Being sixteen is an amazing time. It certainly has some advantages. My body could react with lightning speed. I could calculate and draw conclusions to simple problems faster than just about anyone I knew. And I only lost an erection after cumming if I wanted to. But at the same time, I thought that any problem was simple and most had to do with my erection. When my car started making that funny noise as we blazed up the interstate through a tunnel of snow, Paul got a worried look on his face. But I was cool as a cucumber…after all, how bad could it be? Then it sounded like a small explosive was detonated up front and a bowling ball was ejected from the bottom of my engine. But the car kept going and so I kept smiling.

When the temperature gauge went through the roof and some kind of smoke started pouring out of the front of my car, I decided to stop and check it out. But it was way too late. I popped the hood and looked around as if I knew what I was doing. I didn't. So I got back in the car and Paul and I tried to decide on a course of action.

He figured a state trooper would be along shortly so we should just sit tight. I knew that would never happen and if it did, he'd just hassle us anyway - cops are the bad guys. I figured we should just go to sleep and in the morning the snow would have stopped and our course of action would be easier. After a half an hour, I couldn't feel the feet that were supposed to be there encased in the combat boots that I'd spray painted silver at the end of my legs. That's when it dawned on me that we were fucked.

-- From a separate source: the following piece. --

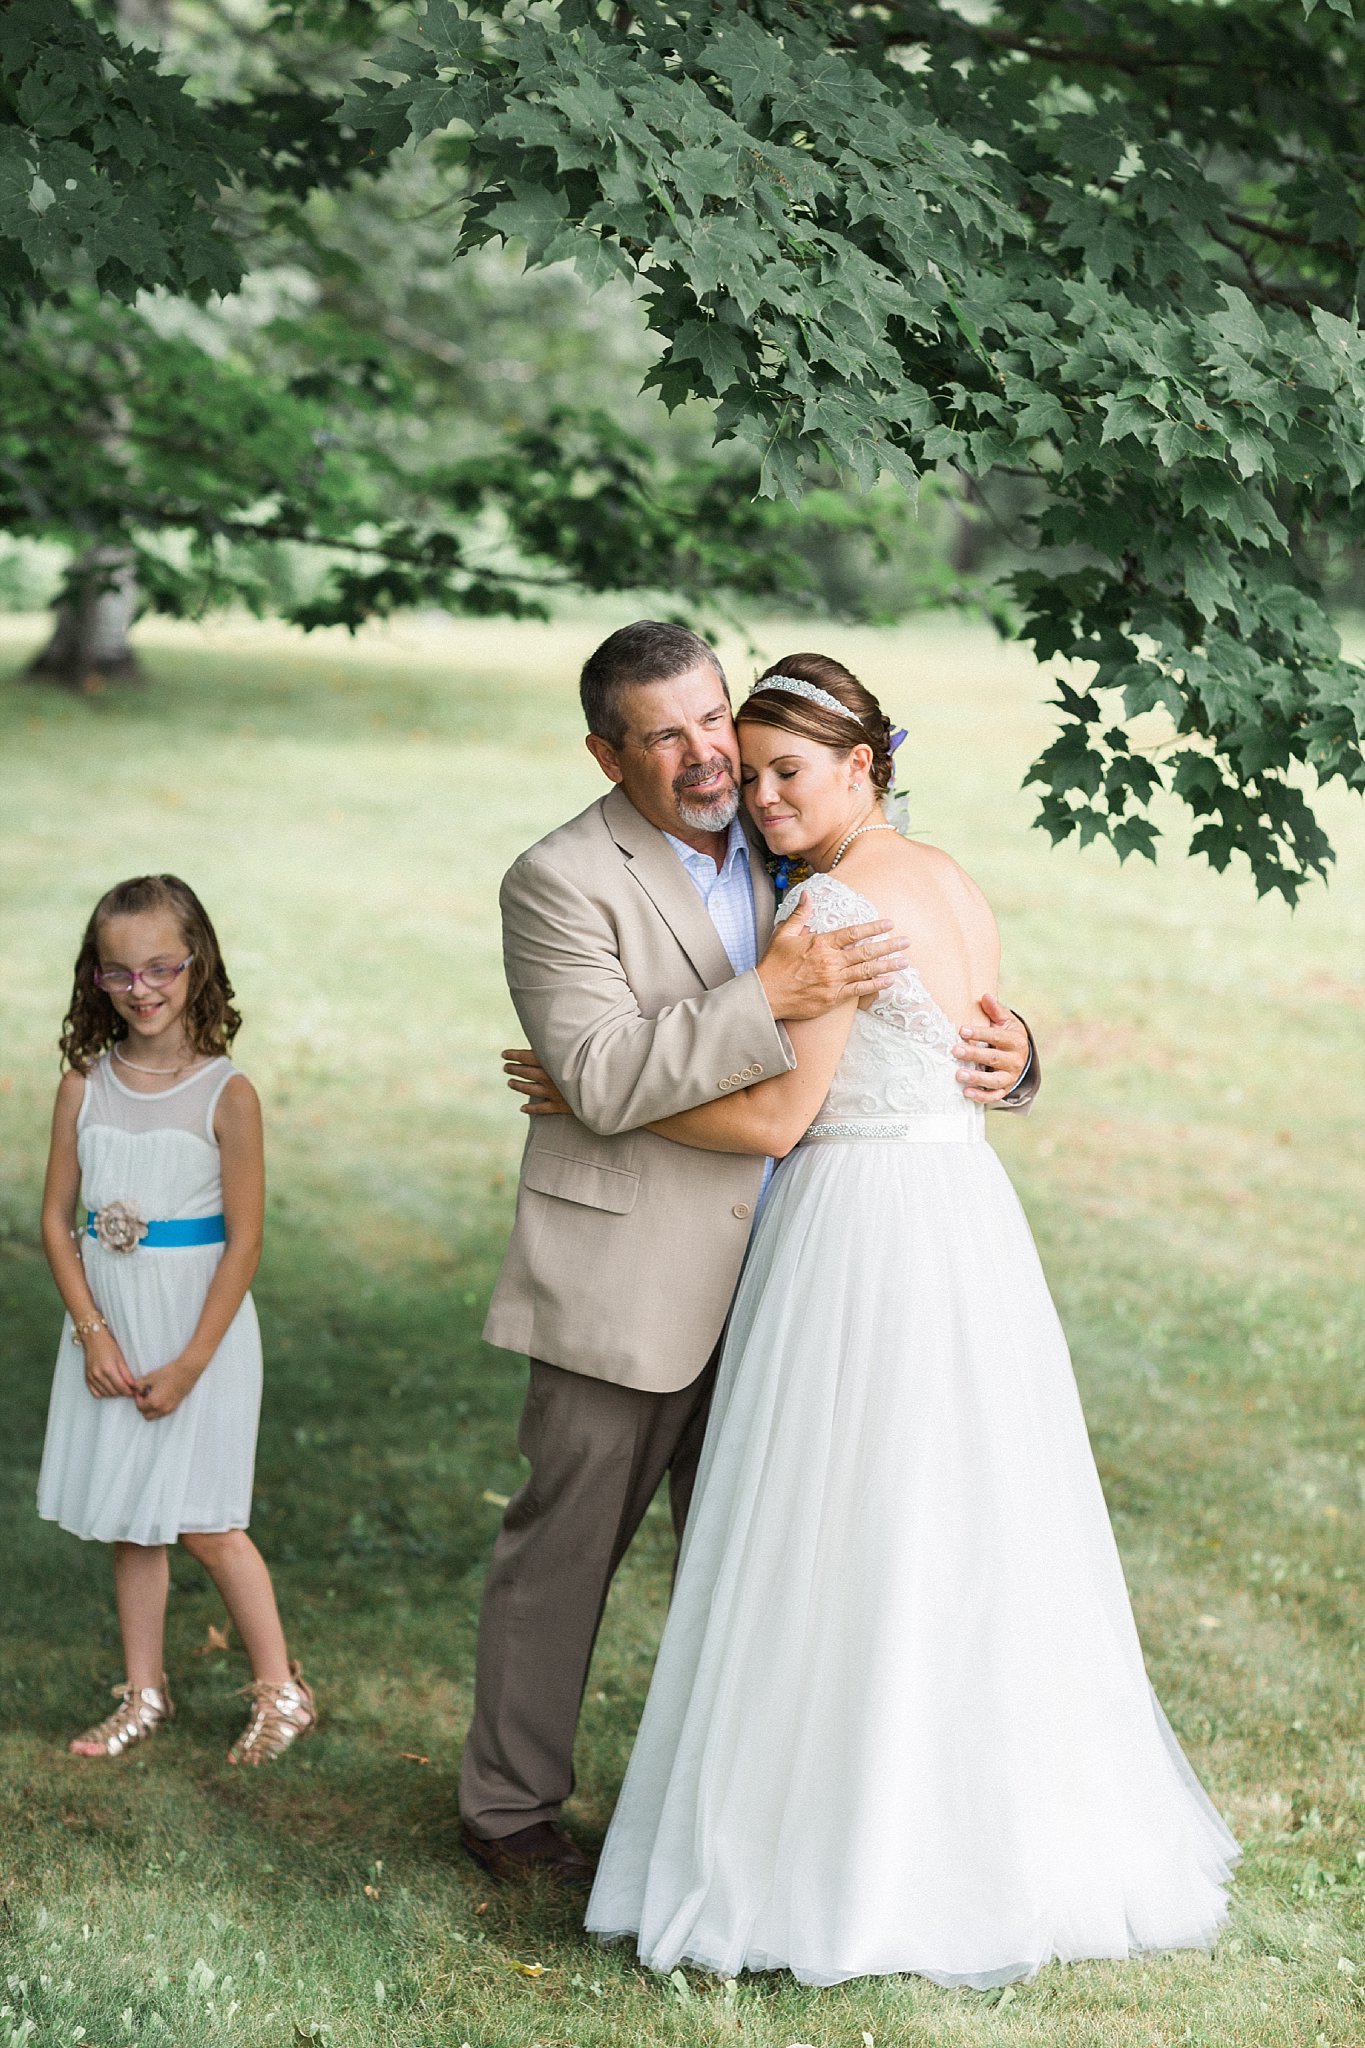 www.james-stokes.com | James Stokes Photography, LLC - father and daughter wedding photo by Wisconsin wedding photographer

Paul has always been calmer than I in times of stress. I think it must have something to do with the fact that his dad was older than my grandpa. He was a step ahead of me and had been studying the road atlas. We figured from the odometer that we must be within a particular ten-mile stretch about 225 miles from my home in Webster Groves, Missouri. We both tentatively agreed that we had already passed the only exit that fell within that range, but we didn't know how far back it was, or how useful the little dot on the map that appeared to represent the town of Odell, Illinois would turn out to be.

If we have to walk to survive, do we walk north or south? We decide that it must be approximately 2 miles south to Odell and 5 north to Dwight, a much bigger town. After some clueless guessing about how far we can make it in this cold-ass blizzard, we decide to head south for the closer town -- if nothing else, there will be a pay phone we can use at the inevitable interstate gas station. So we walk. And walk and walk and walk. It must have been more than two miles. Maybe four. Maybe we should have gone north.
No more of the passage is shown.